I was caught up in the web of Gaddafi’s immense power

Obsession with power is doing African leaders no good. Even before the dust settles on the disastrous antics of Burundi’s President Pierre Nkurunziza whose determination to cling to power against all the odds has left his tiny country awash with blood, Congo Republic’s Dennis Sassou Nguesso and Rwanda’s Paul Kagame are perched on roof tops shouting for the extension of their terms.

Their echo has been covertly but determinedly picked by Democratic Republic of Congo’s Joseph Kabila alias Kabila Kabange who faces elections in 2016 but has his eyes trained on a nebulous third term.

The trio forget that however good a leader is, nothing lasts forever and nothing is more rewarding than exiting the scene at one’s peak. Nelson Mandela did so and lived gracefully till his death at the ripe age of 95.

Nonagenarian Robert Mugabe would have left a plum  legacy had he done the same, instead of hobbling on well into his nineties. Remember how he manoeuvred his way back to the saddle after perpetual challenger Morgan Tsvangirai dealt him a body blow in the March 29,2008 general elections?  Mugabe’s prolonged stay on the throne in Harare has done Zimbabwe more harm than good. Its contaminating effects are manifest in Uganda where Yoweri Museveni, in 2011, successfully spearheaded a campaign to change the constitution to remove term limits.

Determined to continue lording it over the people of Burkina Faso after 27 years since yanking power from Thomas Sankara and killing him, President Blaise Compaore flunked and fled his country on October 31, 2014.

His failure to hold on to power was celebrated by masses across the continent, but moaned by like-minded African leaders.

It is courtesy of insatiable thirst for power that former Ivorian President Laurent Gbagbo is cooling his heels at the International Criminal Court at The Hague as he is tried for crimes against humanity.

Other than cede power peacefully after a defeat by Alasane Ouattara, Gbagbo held on as people fought and died around him and his wife, Simone, until both were pulled out of a bunker months later.

Gbagbo was a big African man indeed from what I witnessed while on a brief sojourn in the principal Ivorian city, Abidjan in August, 2010, four months to the election that spelt his waterloo.

I was attending a UNESCO conference and I remember how we eagerly waited for the conference to be officially opened by President Gbagbo, only for word to come at the last minute that the president was too busy to leave his palace, but had agreed to receive conference leaders only. The rest of us had to remain behind.

The sweet power had turned extremely bitter by April 2011 when photographs of a disheveled and confused Gbagbo alongside his wife Simone with hair uprooted from her head were splashed all over the world. The couple, frightened and drenched in ignominy, could do nothing but plead for dear life.

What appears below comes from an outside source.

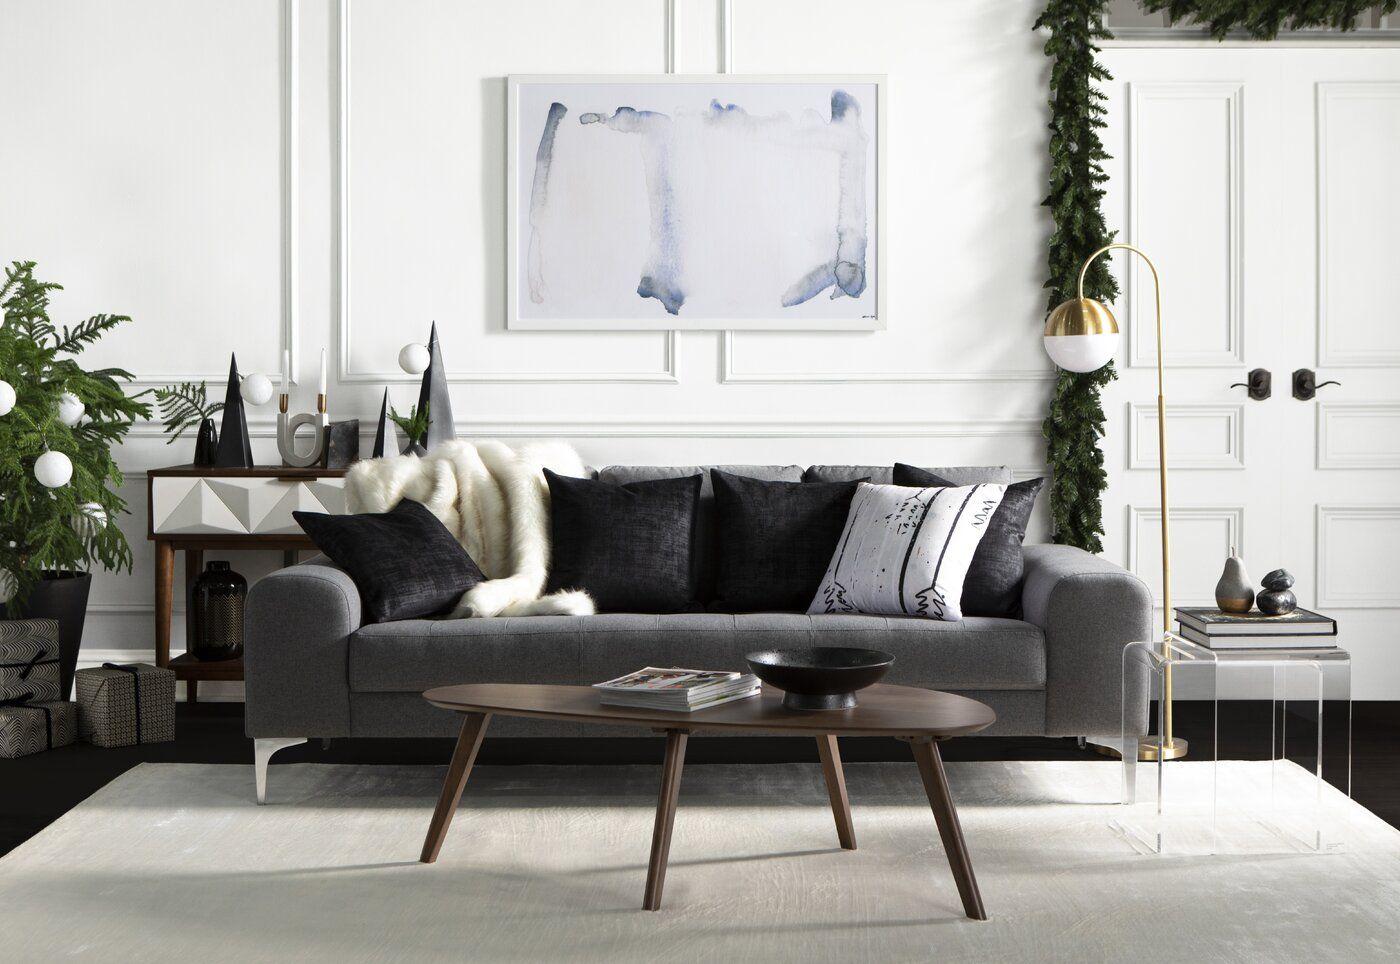 Designer Sofa Tempo Italian Modern Furniture From Natuzzi

Remember Libyan strongman Muammar Gaddafi pleading with a young gunman not to shoot him after he was pulled out of a tunnel during his country’s bloody revolution? He had led oil-rich Libya as a family affair with an iron fist for 42 years to considerable prosperity, but the people were tired of his one-man rule and hankered for a change.

Gaddafi’s visits were awe-binding affairs for ordinary citizens because of the kind of the inconveniencing security arrangements they generated. Not only was he powerful, but power literally oscillated around him. 

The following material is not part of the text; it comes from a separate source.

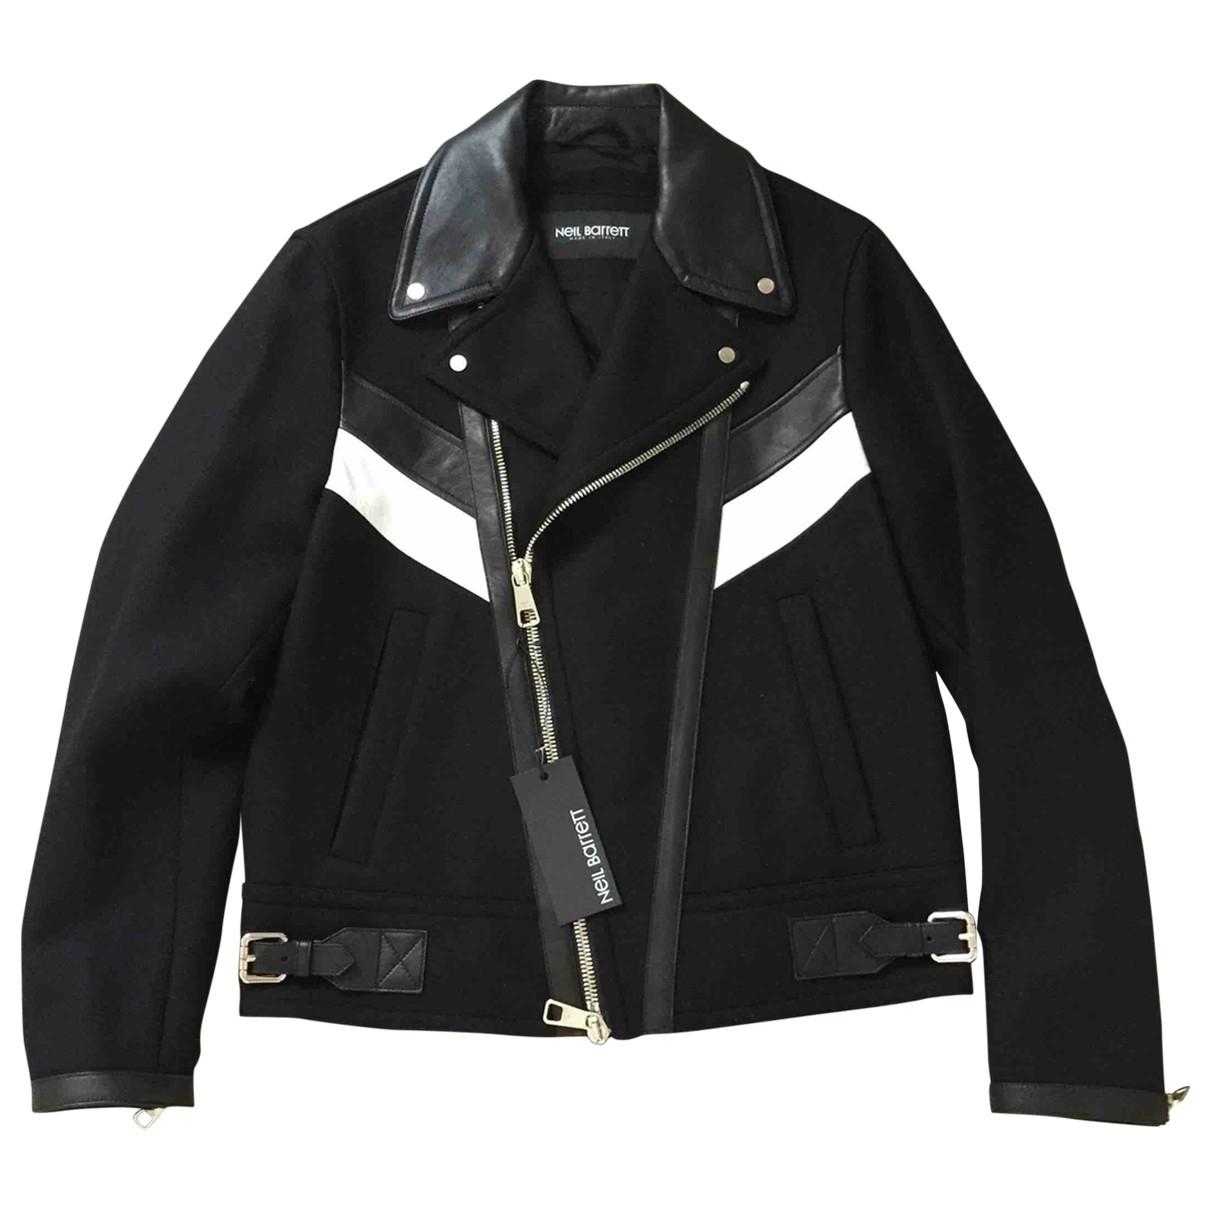 Neil Barrett \N Black Wool jacket  for Men S International

I was caught up in the web of Gaddafi’s immense power in 2008 in the Malian capital, Bamako where I had gone to receive the Akintola Fatoyinbo African Education Award. Gaddafi and his huge entourage inclusive of beautiful but fierce-eyed bodyguards were in town and as fate would have it, he was to fly out the same afternoon with me. 

The traffic gridlock began long before his departure time and all the roads leading to the international airport were closed. There was no movement by the time we left our hotel in downtown Bamako in a van in time to catch our Kenya Airways flight.

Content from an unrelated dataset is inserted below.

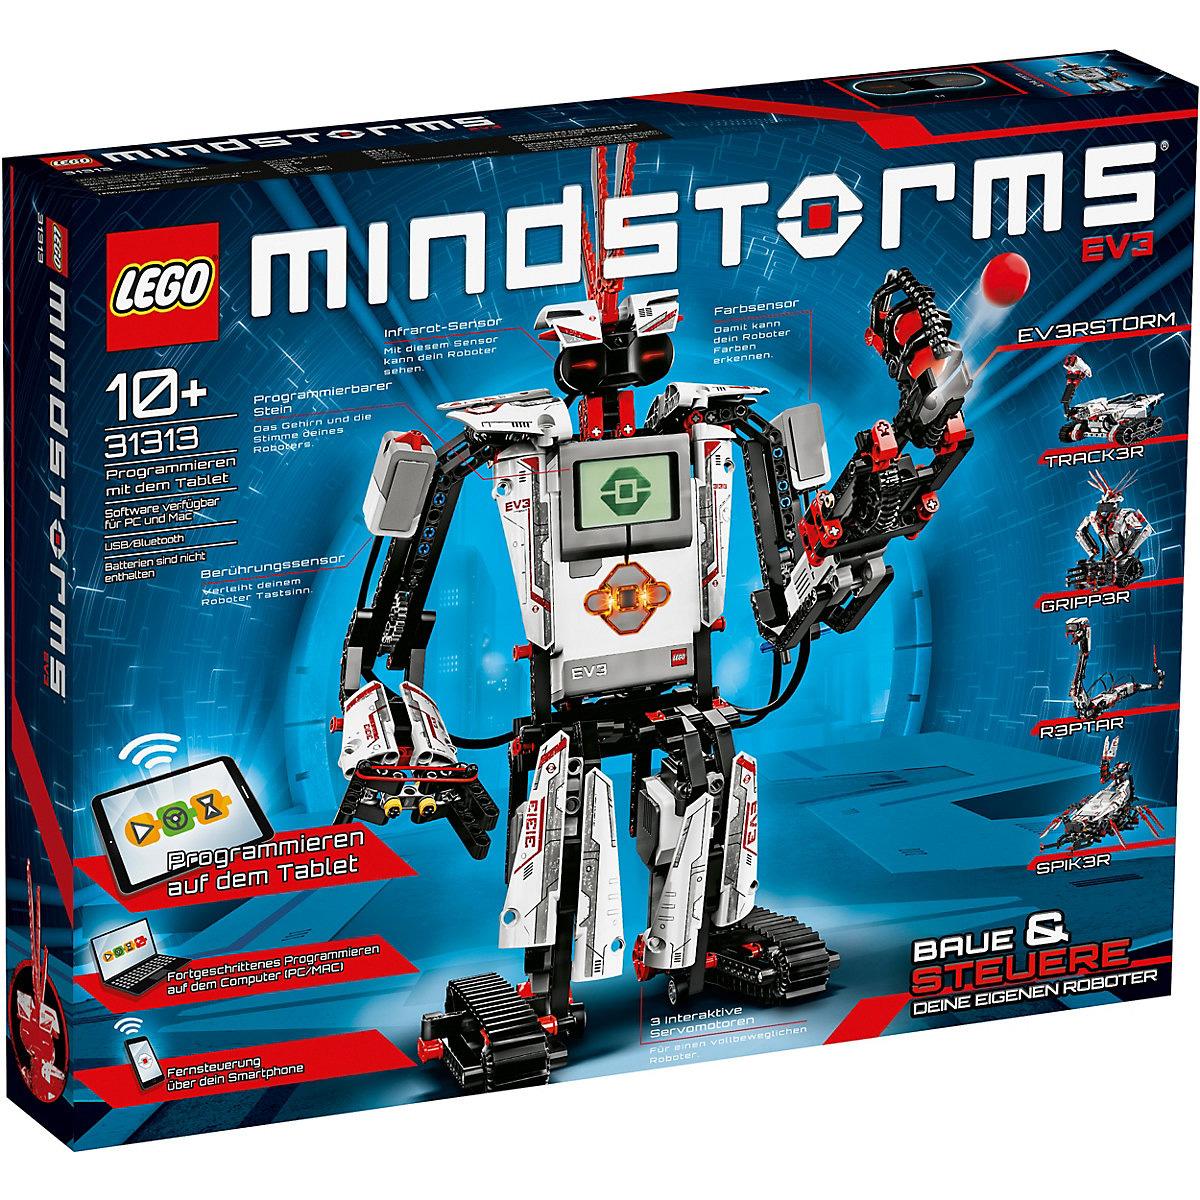 لگو سری Mindstorms مدل 31313

We had moved less than a kilometre from the hotel by the time the KQ flight landed from Dakar to pick Nairobi-bound passengers. Terribly distraught, we could only watch from our van as the plane took off about 40 minutes later. I cursed! Gaddafi had caused us to miss our flight.

We had no option but to drive back to the hotel to wait for the next flight the following day at an extra cost. I marvelled at how drastically human destiny can change when a helpless Gaddafi, all his worldly power deflated, was fished from a filthy tunnel in Libya, a country he had led for 42 years and his life trashed like that of a petty criminal.